Recognition: no theorem link
Efficient Emotion-Aware Iconic Gesture Prediction for Robot Co-Speech
Pith reviewed 2026-05-13 06:48 UTC · model grok-4.3
The pith
A lightweight transformer predicts iconic gestures for robots from text and emotion alone, outperforming GPT-4o on the BEAT2 dataset.
A machine-rendered reading of the paper's core claim, the machinery that carries it, and where it could break.
Core claim
The authors demonstrate that a compact transformer can derive the placement and intensity of iconic co-speech gestures directly from textual content and associated emotion labels. Evaluated on the BEAT2 dataset, this approach yields superior results in both classification of gesture positions and regression of their intensities compared to GPT-4o, all while maintaining a small model size that supports real-time operation on embodied robotic platforms without audio input at inference.
What carries the argument
The lightweight transformer architecture that processes text and emotion inputs to output gesture placement classifications and intensity regressions.
Load-bearing premise
Text and emotion labels alone are sufficient to predict iconic gestures accurately, and the BEAT2 dataset captures representative real-world co-speech behavior.
What would settle it
Running the model on new audio-video recordings of human speech where the predicted gesture placements and intensities show low agreement with actual observed gestures or fail to exceed GPT-4o's accuracy.
Figures
read the original abstract
Co-speech gestures increase engagement and improve speech understanding. Most data-driven robot systems generate rhythmic beat-like motion, yet few integrate semantic emphasis. To address this, we propose a lightweight transformer that derives iconic gesture placement and intensity from text and emotion alone, requiring no audio input at inference time. The model outperforms GPT-4o in both semantic gesture placement classification and intensity regression on the BEAT2 dataset, while remaining computationally compact and suitable for real-time deployment on embodied agents.
Editorial analysis
A structured set of objections, weighed in public.
Referee Report
Summary. The manuscript proposes a lightweight transformer that predicts the placement and intensity of iconic co-speech gestures for robots using only text and emotion labels as input, without audio at inference time. It reports that this model outperforms GPT-4o on both semantic gesture placement classification and intensity regression tasks on the BEAT2 dataset while remaining computationally compact and suitable for real-time embodied deployment.

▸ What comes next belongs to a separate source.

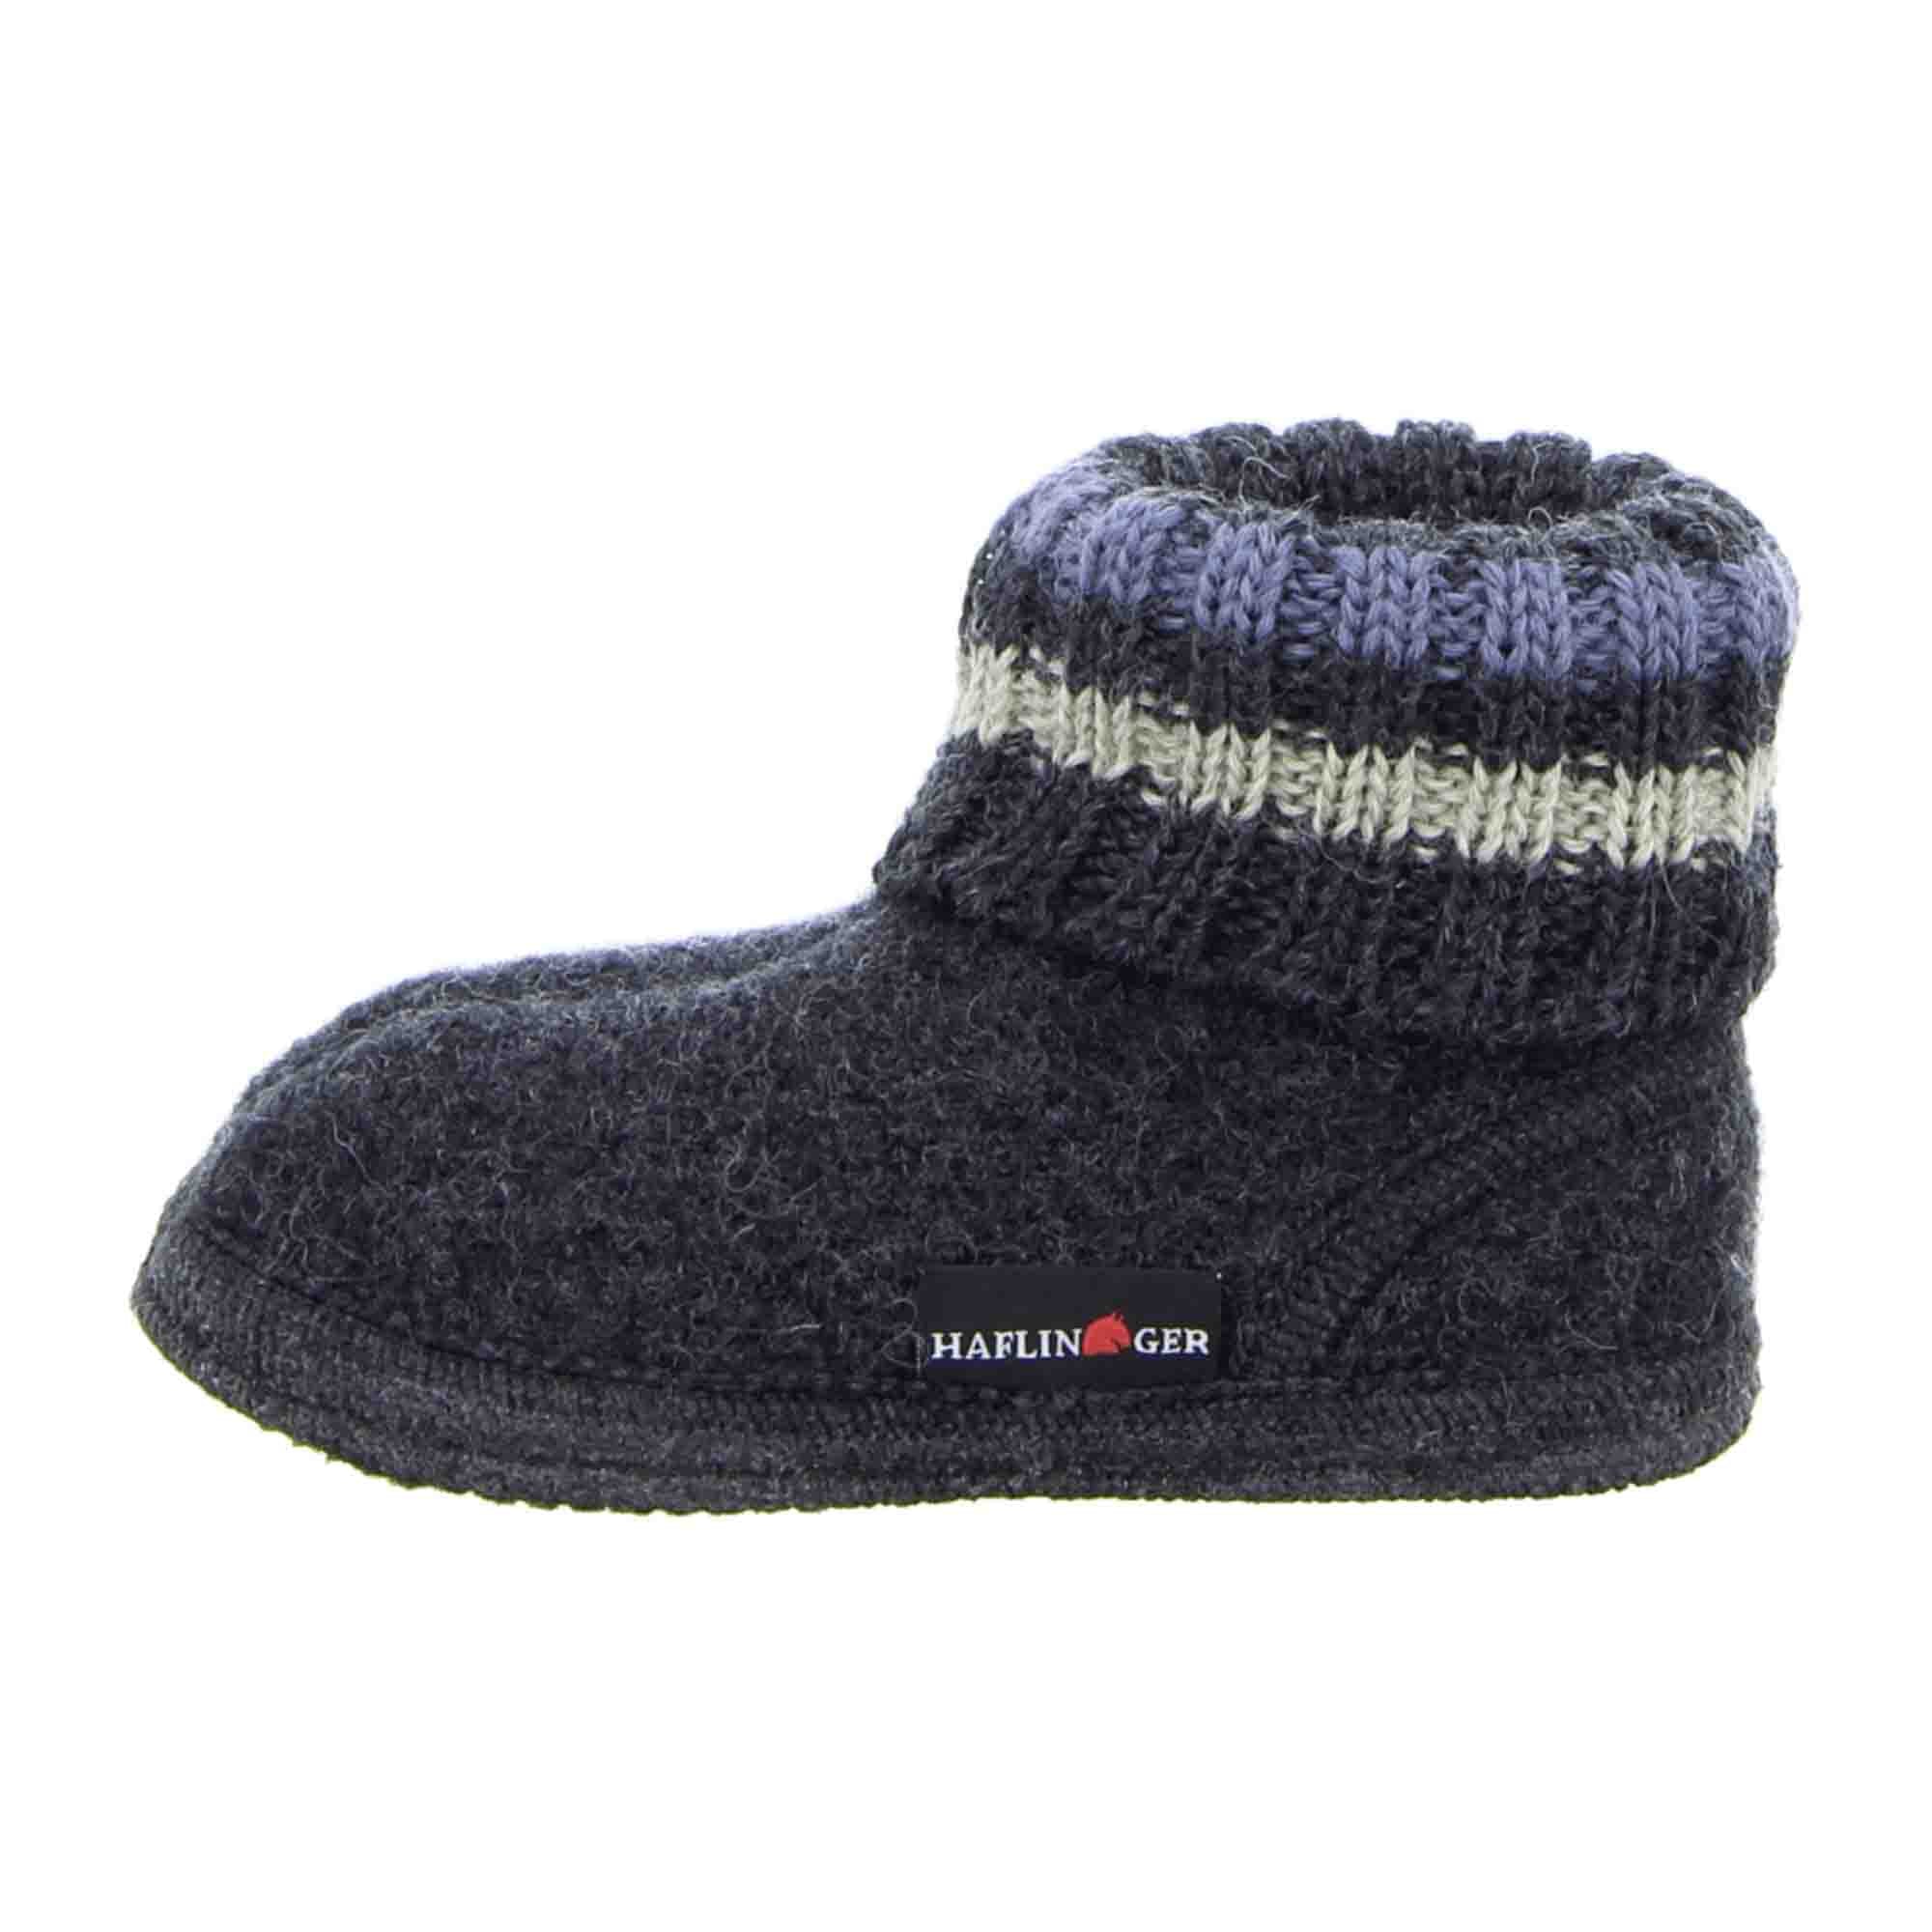 Haflinger Boys' Toddler Slippers - Durable and Stylish Grey Footwear for Kids

Significance. If the results hold under controlled conditions, the work would offer a practical advance for robot co-speech systems by enabling semantically meaningful gestures without audio processing or heavy computation, which is valuable for real-time embodied agents where latency and resource constraints matter. The no-audio inference property is a clear strength for deployment scenarios.
major comments (1)
- [Abstract and experimental comparison] Abstract and experimental comparison section: the outperformance claim over GPT-4o is load-bearing for the central sufficiency argument, yet the manuscript does not confirm that GPT-4o received identical text-and-emotion-only inputs. Iconic gestures in BEAT2 are temporally aligned with speech audio; if the baseline had access to audio or prosody cues while the proposed model did not, the performance gap does not isolate the contribution of the text/emotion-only approach.
minor comments (1)
- [Abstract] The abstract states the model is 'lightweight' and 'computationally compact' but provides no concrete metrics (parameter count, FLOPs, or inference latency) to support the real-time deployment claim.
Simulated Author's Rebuttal
We thank the referee for their careful reading and constructive feedback. The concern about input parity in the GPT-4o baseline is well-taken and directly affects the strength of our central claim. We address it below and will revise the manuscript to remove any ambiguity.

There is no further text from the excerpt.